Studio album by Hugh Cornwell
- Released: June 2008
- Studio: Toe Rag Studios, London
- Genre: Alternative rock; post-punk;
- Length: 39:01
- Label: Invisible Hands Music
- Producer: Liam Watson

Hugh Cornwell chronology
| Beyond Elysian Fields (2004) | Hooverdam (2008) | Totem and Taboo (2012) |

= Hooverdam (album) =

Hooverdam is the seventh studio album by Hugh Cornwell, released in June 2008 by Invisible Hands Music, initially as a free digital download with a compact disc and vinyl version released later.

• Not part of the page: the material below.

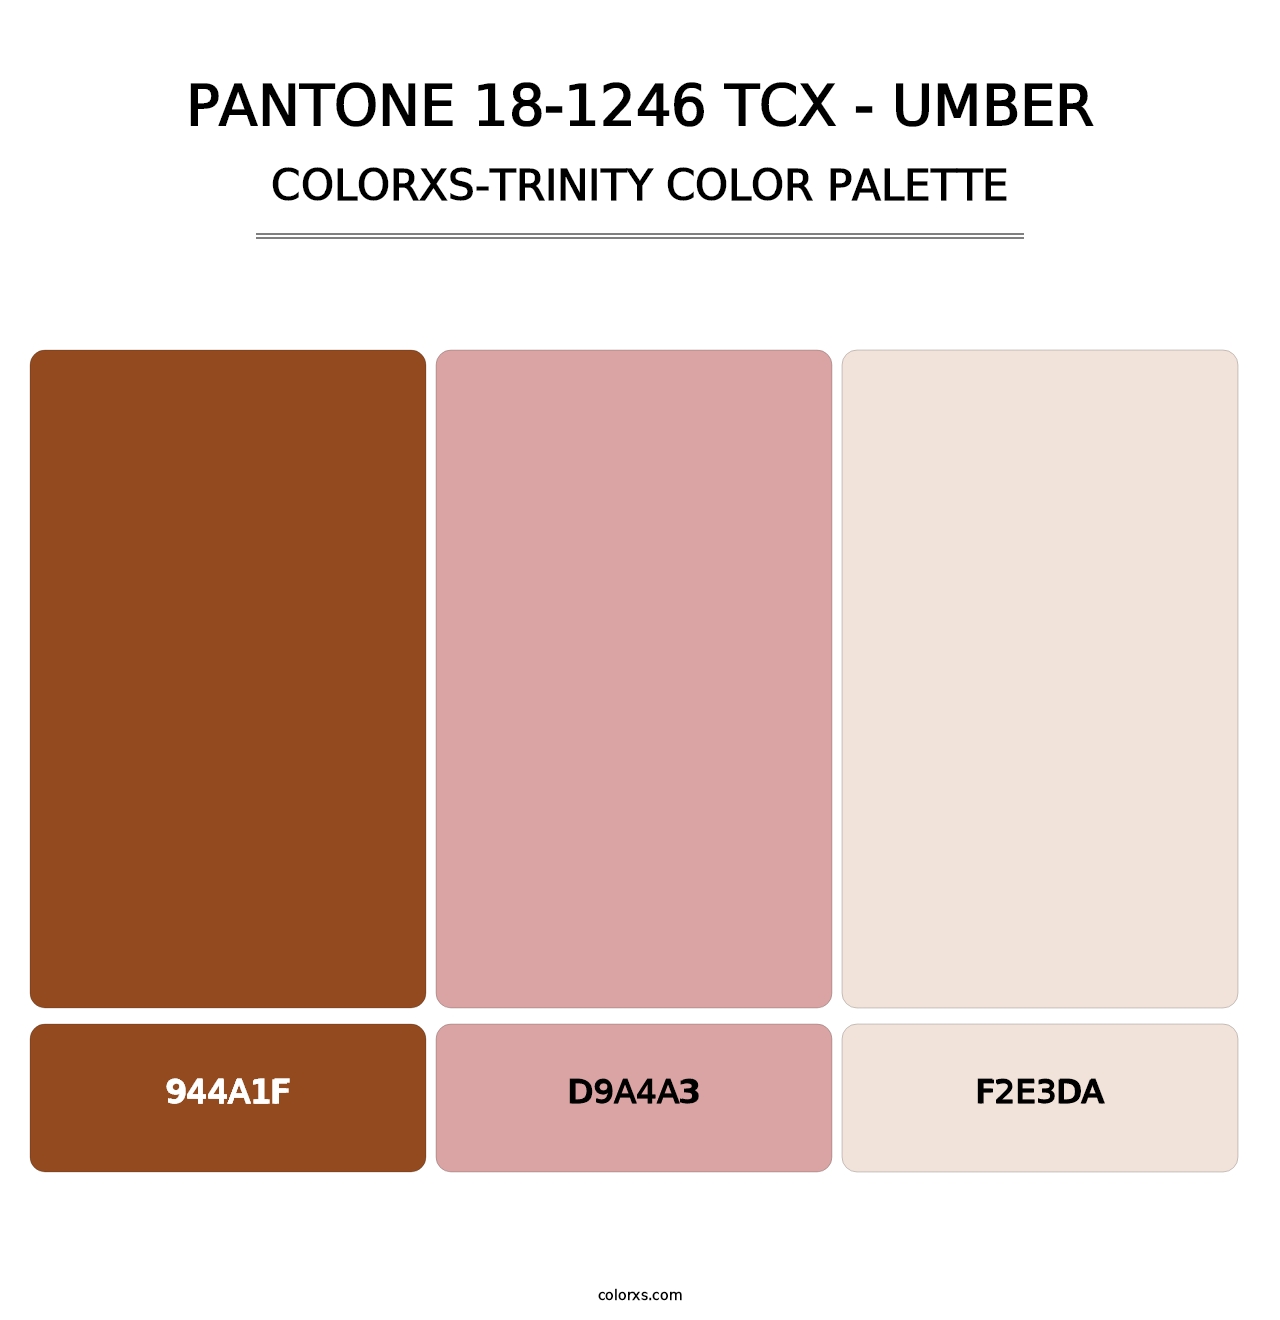 PANTONE 18-1246 TCX - Umber - Colorxs Trinity Palette

A short movie entitled "Blueprint" chronicling the recording of the album had a limited release in cinemas in the UK and was released on a DVD which came with the CD. Some tracks, like "Philip K. Ridiculous" and "Delightful Nightmare," echo the heavy bass lines previously present in early Stranglers records.

The night after playing in Phoenix in his North America tour during March and August, Cornwell visited the Hoover Dam and recorded a video message there for his fans. He claims he gave the album its name because the Hoover Dam is a huge feat in human engineering and a monument to mankind. He thinks that Alfred Hitchcock should have made a film set at the Hoover Dam.

The album was cited as being one of his best yet with mainly favourable reviews. These reviews resulted in Cornwell being asked to play at certain American venues he had not played in since leaving The Stranglers.

==Critical reception==

Rick Anderson, writing for AllMusic, called it a "very fine album," consisting of "scrappy, pared-down, punk-inflected power pop," with some songs evoking "the late '70s in an entirely salutary way." Michael Toland of The Big Takeover concurred, describing the album as "a straightforward melodic rock and roll affair," adding that there's "nothing trendy or modern about it, thank goodness." Cornwell and his band "simply knock out one catchy rock/pop gem after another." Toland felt that Hooverdam "contains some of the best work of Cornwell's long and illustrious career."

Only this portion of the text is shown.